UW-Madison Libraries Director Ken Frazier says that during the past two decades, university libraries have needed to cover for massive increases in journal subscription costs. The UW-Madison administration has reallocated about 2 percent every year to help libraries cover subscription costs, and libraries also have received help from unconventional sources – such as Big Ten Network revenues – in an attempt to stay current.
“We have basically been putting every bit of new money we received into protecting journal subscriptions,” Frazier says.
But with the new proposal, university libraries systemwide could take a huge step forward. By negotiating centrally for licenses to access online journal databases, the approach will allow for both an expansion in the overall volume of databases purchased and in the total number of users statewide. State university systems in California, New York and Ohio have already pursued this approach with great results, Frazier says.
Cost for the shared collection of electronic journals and research databases, spread across all UW System students and employees, would come to $30 per user.

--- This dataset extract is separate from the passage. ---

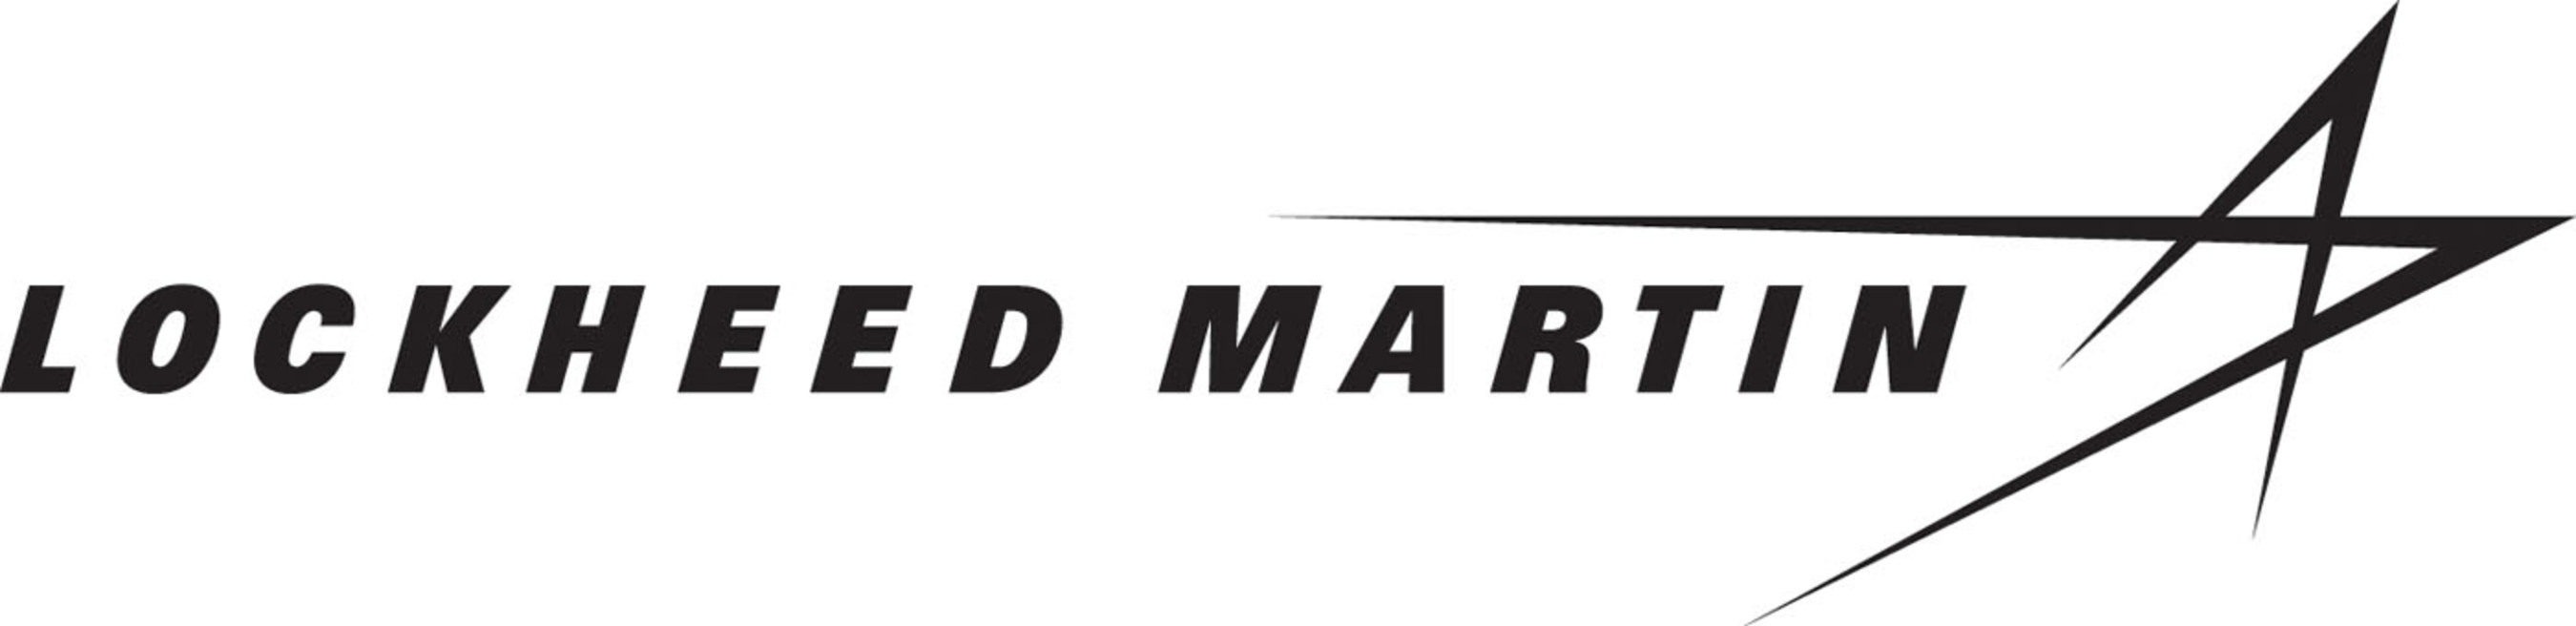 Lockheed Martin Logo. (PRNewsFoto/Lockheed Martin) (PRNewsFoto/LOCKHEED MARTIN)

From the humanities to chemistry, academic journals are the prime currency for doing research, since they are the source for peer-reviewed and confirmed findings. But with the growth of online access points for journals, they have become increasingly important to an undergraduate student’s information, technology and media literacy.
“Students enter college thinking they can find everything on Google,” says Frazier. “But by the time students get to capstone courses and senior projects, they will have a real appreciation for using these tools to research content, synthesize information and develop new knowledge. These are skills they carry with them into their careers and future lives.”
William Cronon, Frederick Jackson Turner and Vilas Research Professor of History, Geography and Environmental Studies, is an ardent supporter of the project. While he views Google as “one of the miracles of the modern world,” Cronon notes that it has also contributed to a decline in the research skills of current students, who may wrongly assume that Google puts the known world at their fingertips.
“The reason this project is so important is that so much of our knowledge today is tied up in these commercial databases,” Cronon says. “Much of what the library is trying to acquire is not available on the open Web, and we need to better educate students about how to navigate these hidden databases in the gated Web.”
Cronon’s field of environmental history is being transformed by the online availability of scores of smaller journals that few people would have seen before. It’s an eclectic field that draws from the natural sciences, the social sciences and the humanities, and online databases better allow for this kind of field-shifting inquiry.
As an example, one of Cronon’s graduate students is looking at the historical decline of wild horses in the American West. To do so, the student needs to consult materials from biology, geography, American western history and National Park Service records, plus state and local records across the region.
“The ability to make connections across a wide range of disciplines and literature and try to explain an environmental change in the past is part of the challenge of our work,” he says. “And the electronic databases facilitate that work.”
As for the databases themselves, many contain an astounding density of information. The Association of Computing Machinery (ACM), for example, manages a digital library that includes 54,000 online articles from 30 different journals and 900 ACM proceedings. Licensees get access to all aspects of computer research within this portal.
Another gold mine of information can be found in “America’s Historical Newspapers,” a five-part series of databases that includes millions of pages of digitized newspaper archives dating back to 1690. Included are some papers of great significance, such as Frederick Douglass’ famous anti-slavery newsletter “The North Star,” and the “Siwinowe Kesibwi (Shawnee Star),” the first newspaper to be printed wholly in a Native American language.
Or in “Historical Statistics of the United States,” users can search through data culled from more than 1,000 sources to determine anything from the leading American industry in 1903 to the ethnic makeup of America in 1959.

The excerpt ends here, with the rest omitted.